Automatic Meeting Transcription - Systems for robust speech recognition in far-field scenarios

Within the scope of several projects and cooperations with industrial partners, we are concerned with the transcription of conversational speech, be it gathered in professional meetings or casual gatherings among friends. Current solutions clearly fall far short of the recognition performance of humans. There are two main reasons for this: First, the signal quality is poor due to environmental influences such as room reverberation. Furthermore, especially in informal get-togethers, people often interrupt each other or parallel conversations develop among the participants, so that the signals of several speakers overlap.

We develop methods that not only transcribe what is said, but also annotate who spoke and when. Here, the number of speakers and the amount of speaker overlap is unknown in advance and time-varying. This annotation task, known as "diarization" in English, essentially involves two subtasks: segmenting the meeting into, possibly overlapping, time periods in which one speaker is active at a time, and correctly identifying the speaker in each segment. While existing systems satisfactorily solve either one or the two subtasks, we are working on a method that provides both good segmentation and correct speaker recognition.

Microphone arrays are used to mitigate signal quality degradation due to room reverberation and other acoustic disturbances. The spatial information gathered by them allows the system to focus on the direction of the target speaker and suppress interference from other room directions. While this was achieved with statistical approaches in the past, nowadays more and more neural network based solutions are used.
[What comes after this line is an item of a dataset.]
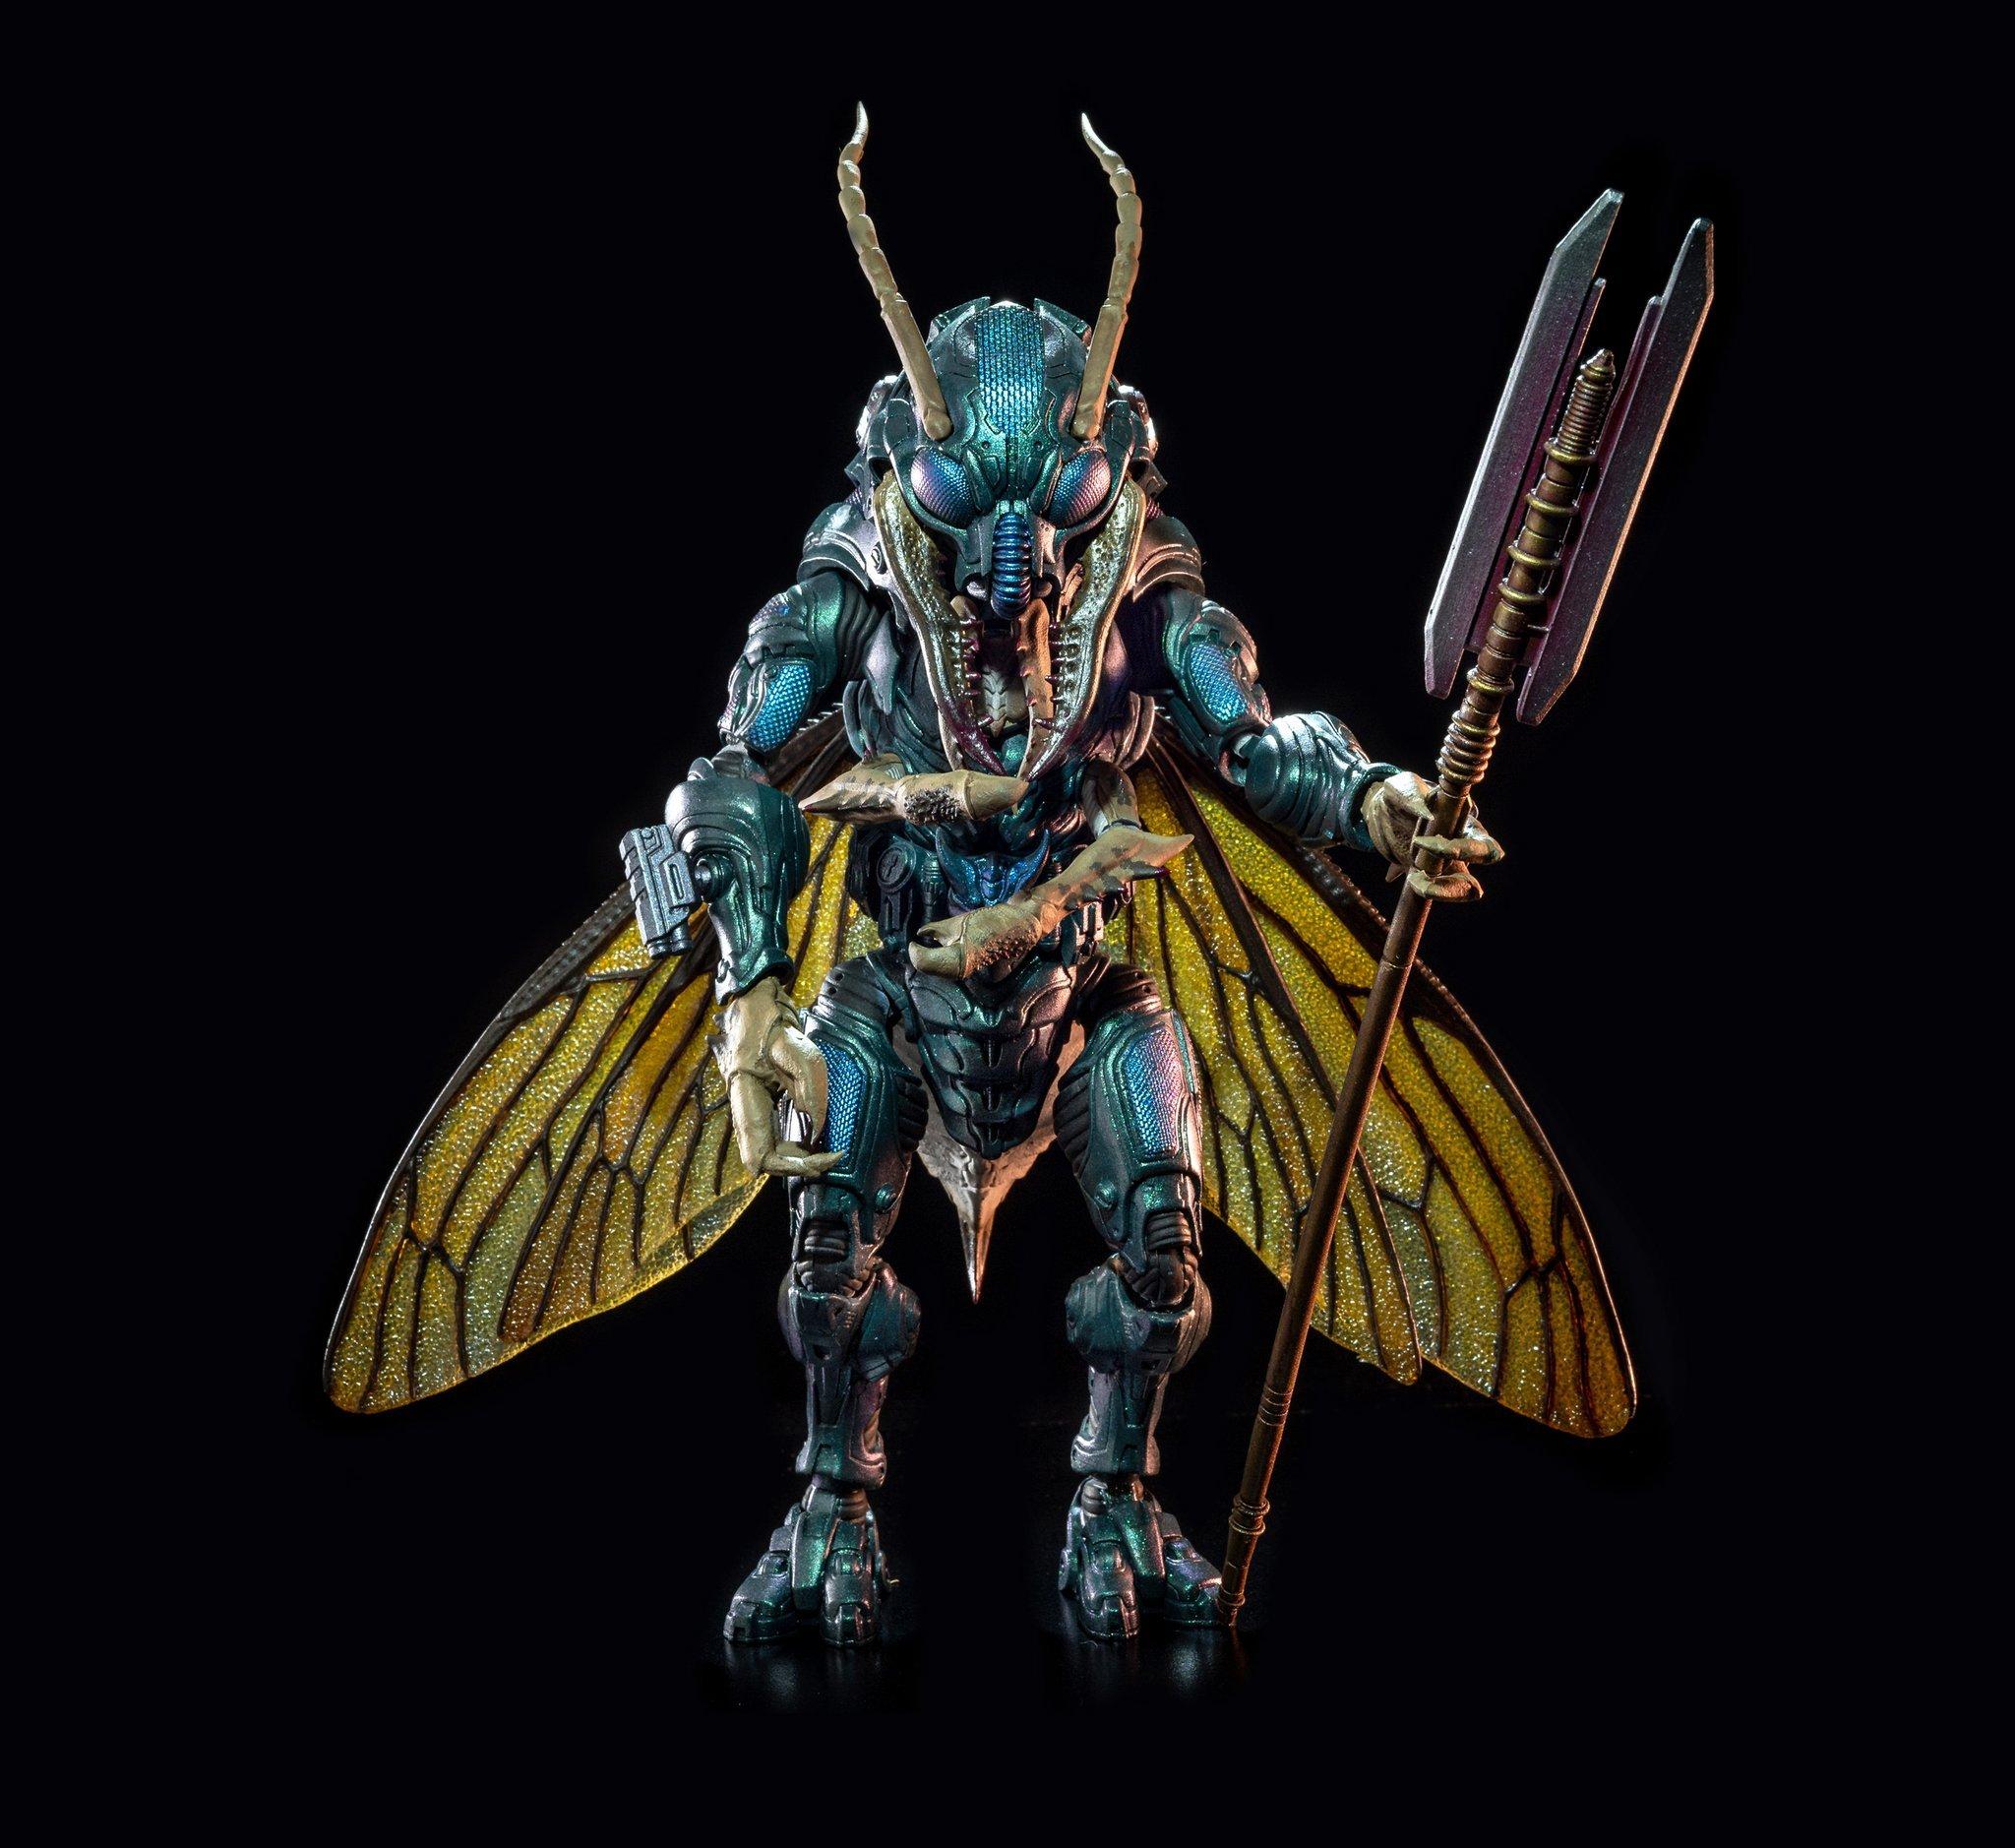 Sphexx-Guard-Front_1024x1024@2x.jpg

We integrate both approaches to combine their strengths: The statistical models allow precise acoustic beamforming towards a specific spatial direction, while the neural networks contribute the determination of the spatial direction of the target speaker and the interference.
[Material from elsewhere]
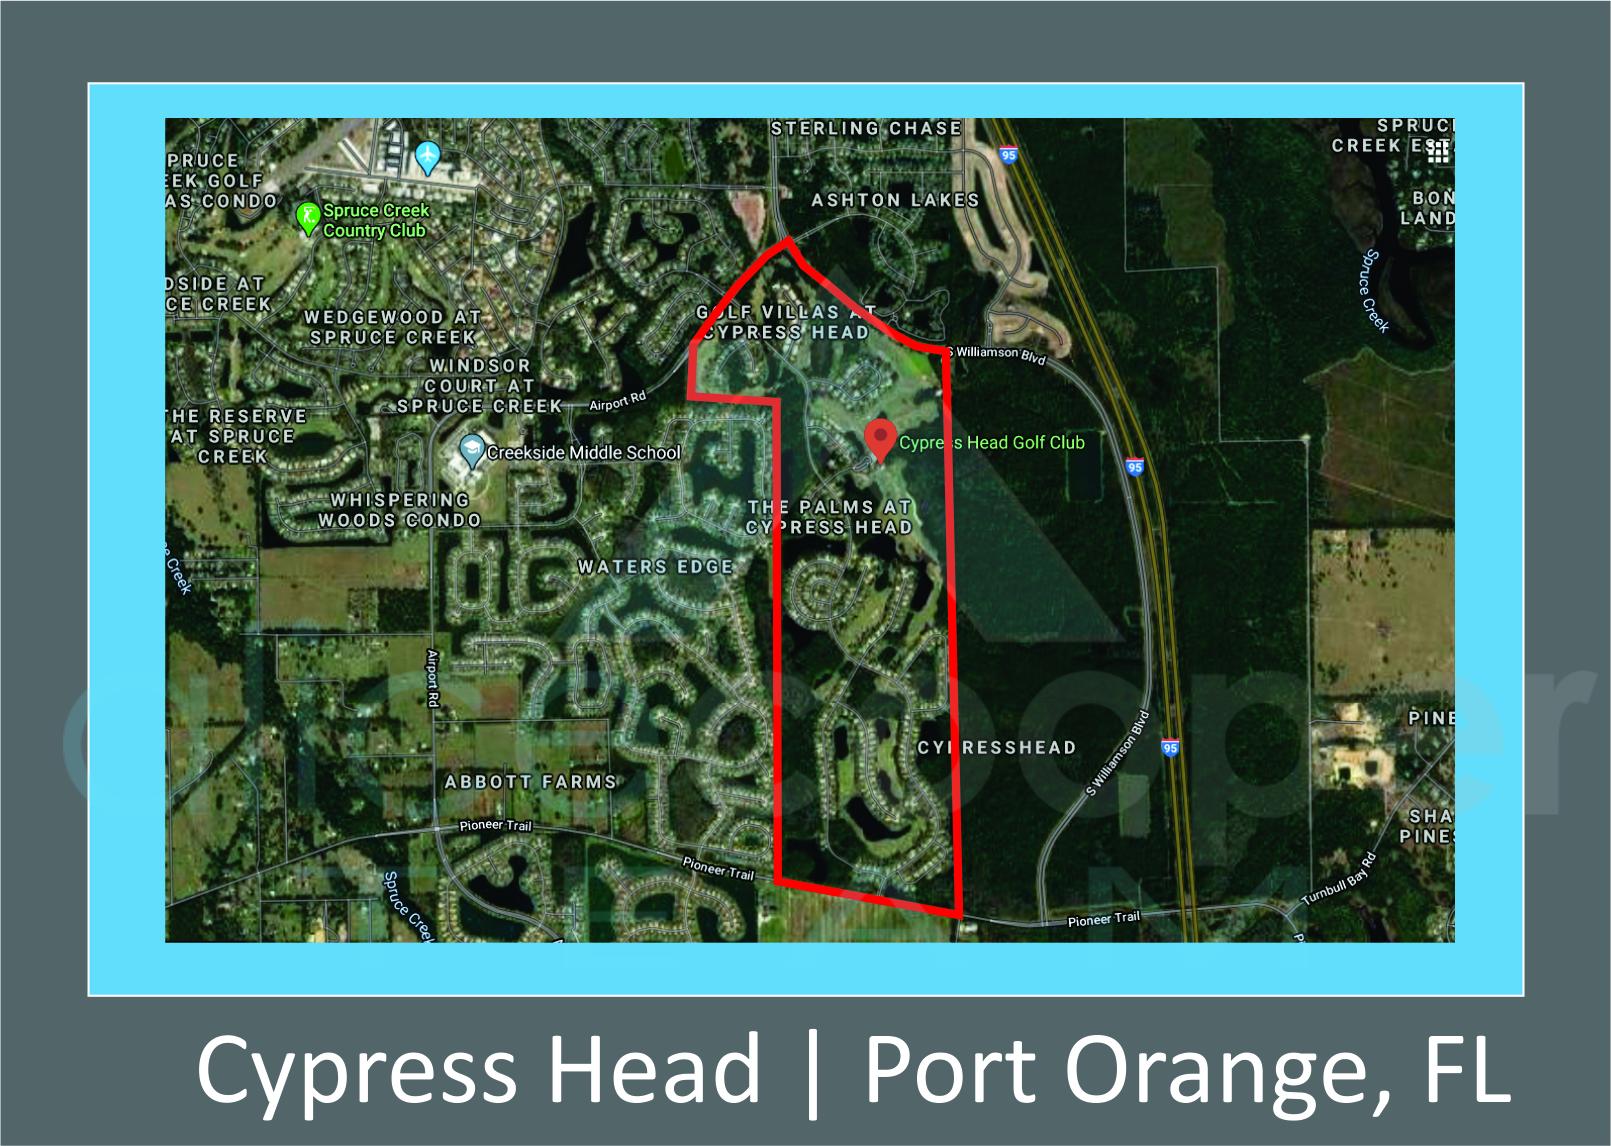 Map of Cypress Head, Port Orange, FL

For the processing of conversational speech, where multiple speakers are active and their speech may overlap, pre-processing steps are needed to detect speech activity and remove speaker overlaps so that robust transcription is subsequently possible. For this purpose, we have developed a method that maps the multi-speaker signals to two output channels in such a way that there is no speaker overlap any more on those channels, regardless of the number of speakers being present in the meeting.